## Given data
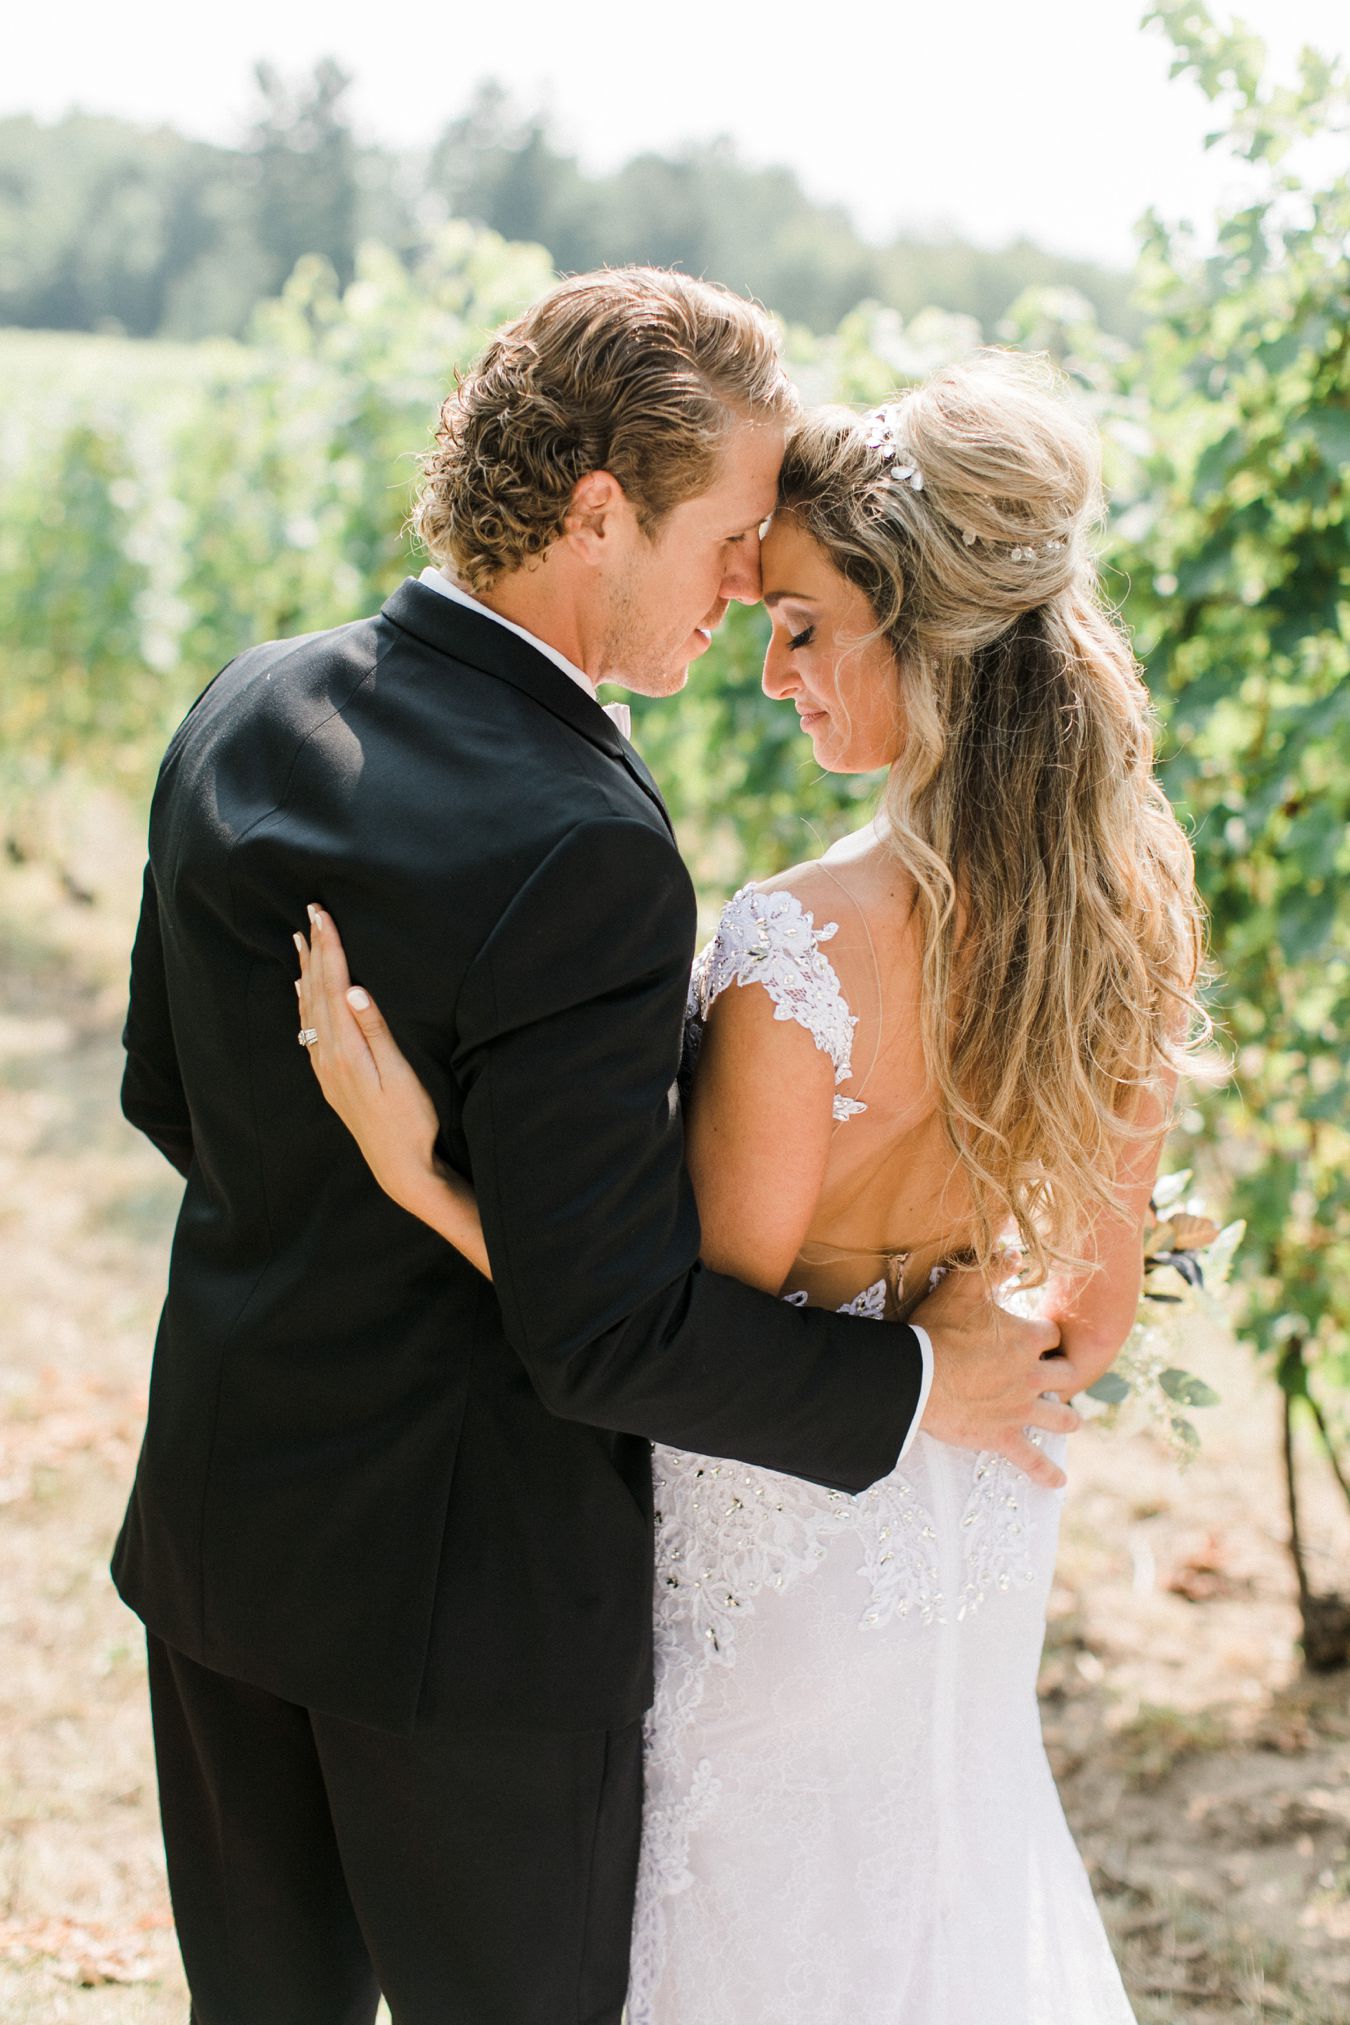 Michigan Vineyard Wedding Photographer | Cory Weber Photography 
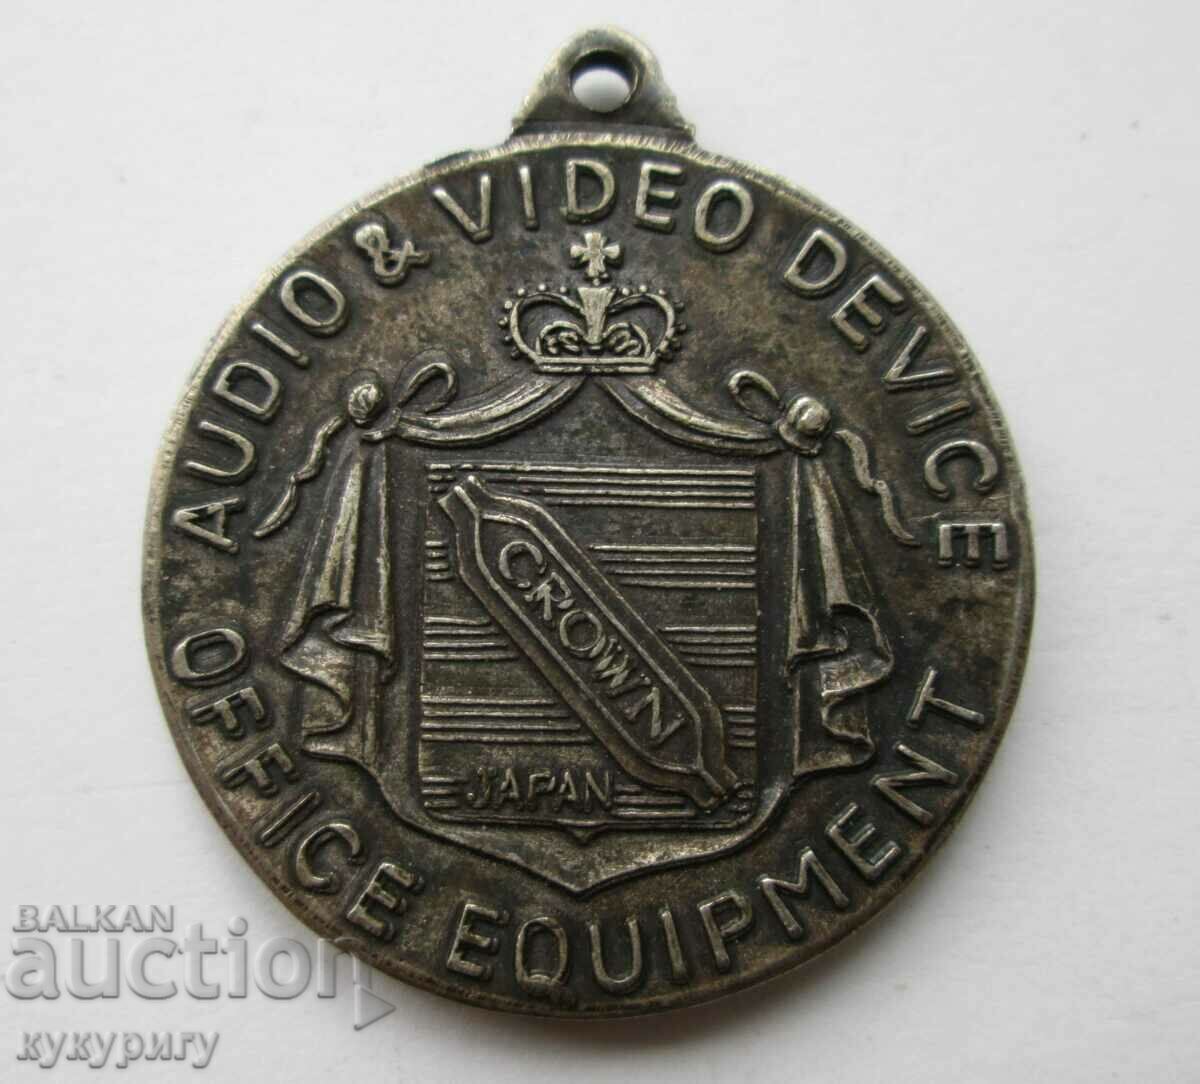 Old Silver Medal Crown Award
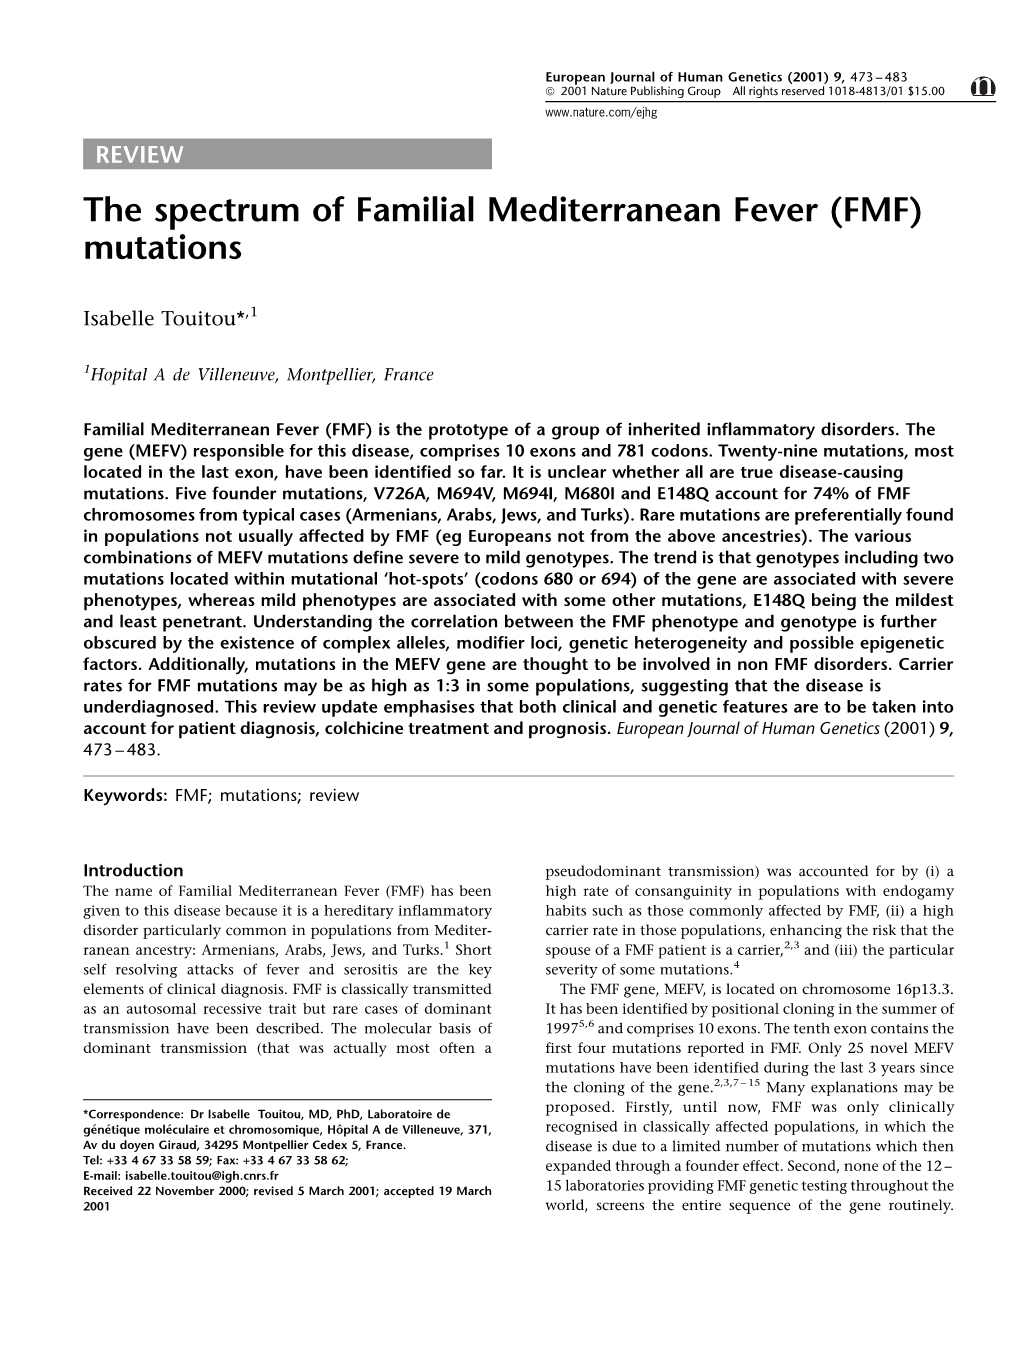 The Spectrum of Familial Mediterranean Fever (FMF) Mutations
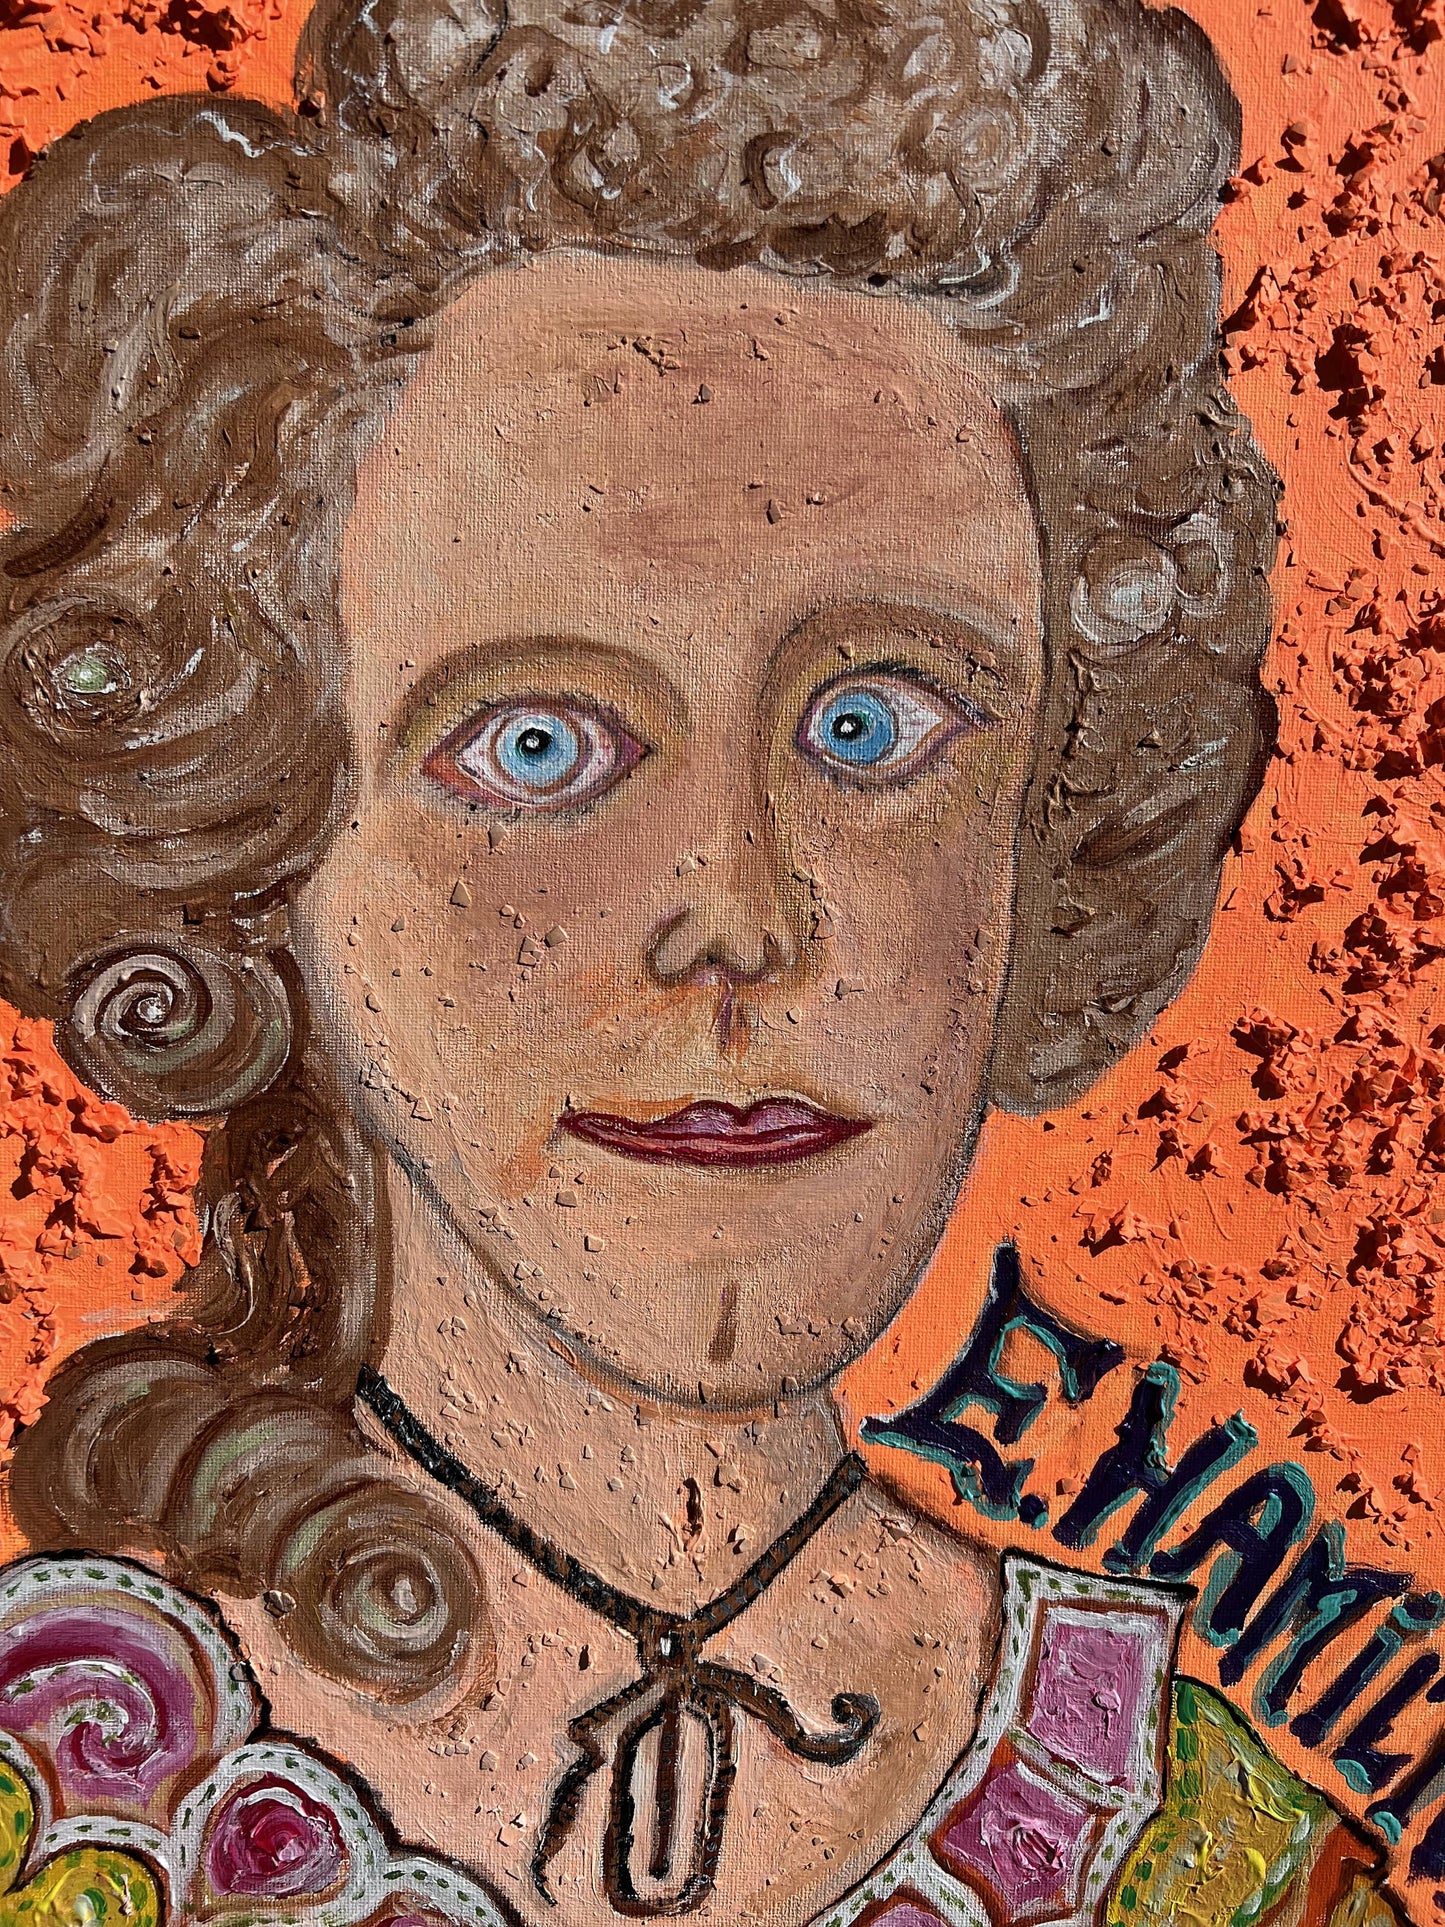 Textured Painting on Canvas by Serg Graff Portrait of Elizabeth Hamilton
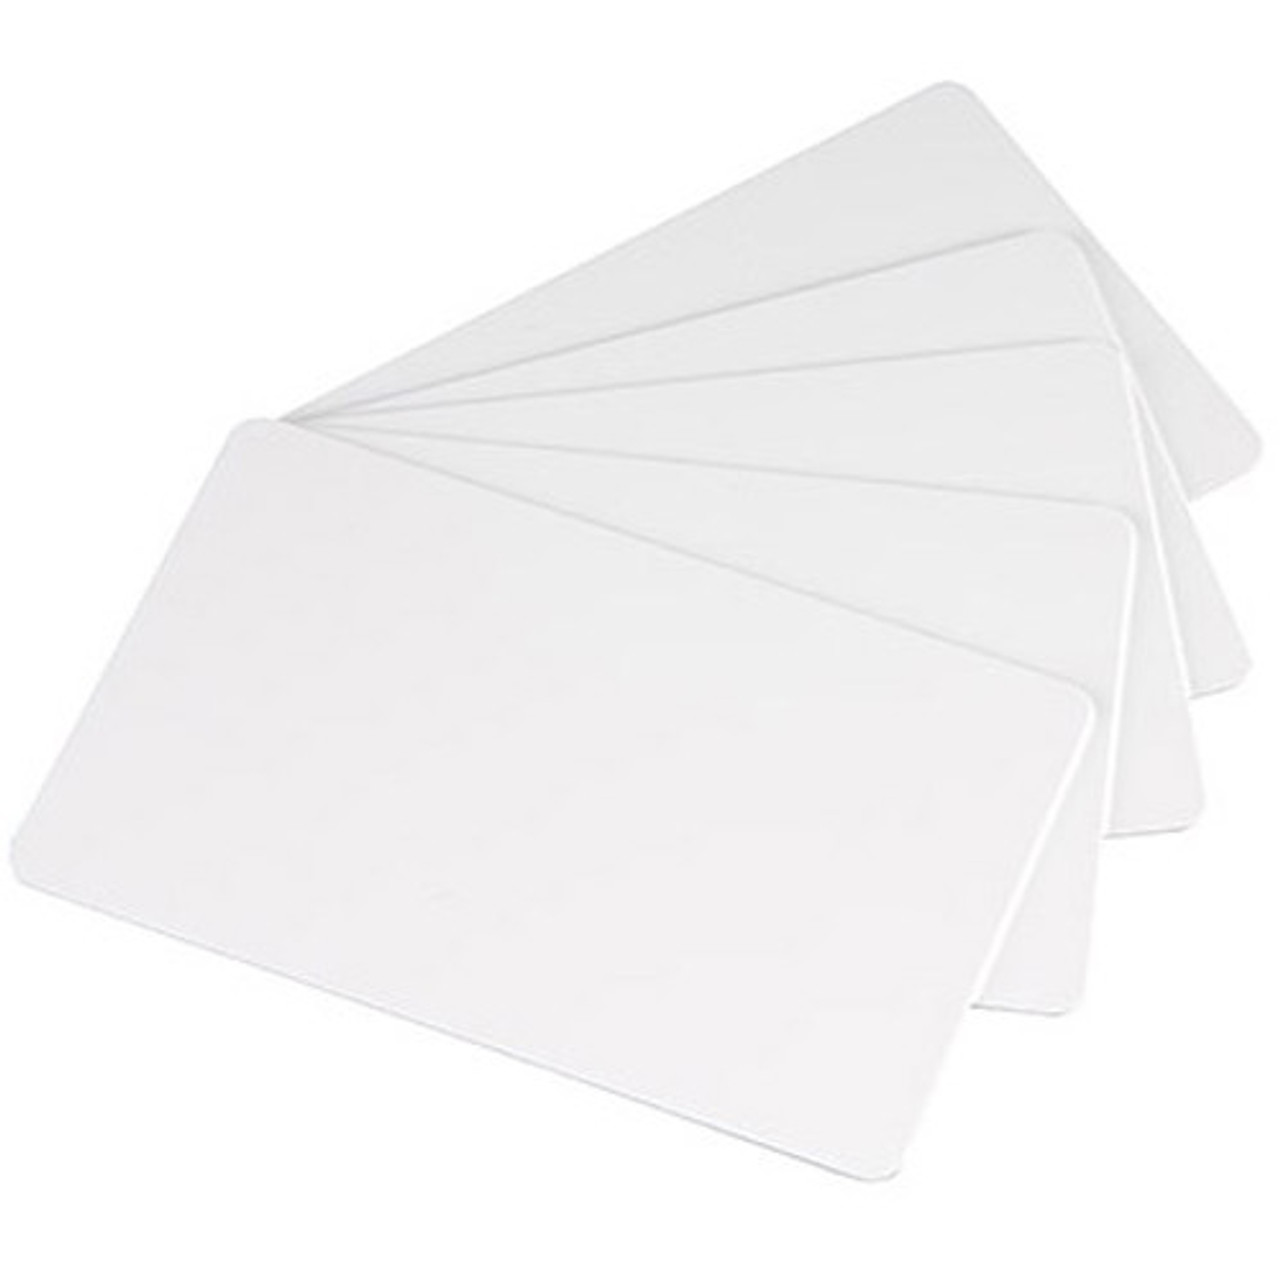 Evolis PVC Blank Rewritable Cards (Blue) - 30Ml - Qty. 100 - C5101

## Task instructions
Print exactly the span of lines that begins with the line containing "Old Silver Medal Crown Award" and ends with the last line of the listing, with no pictures.

## Exercise response
 Old Silver Medal Crown Award
 The Spectrum of Familial Mediterranean Fever (FMF) Mutations
 Textured Painting on Canvas by Serg Graff Portrait of Elizabeth Hamilton
 Evolis PVC Blank Rewritable Cards (Blue) - 30Ml - Qty. 100 - C5101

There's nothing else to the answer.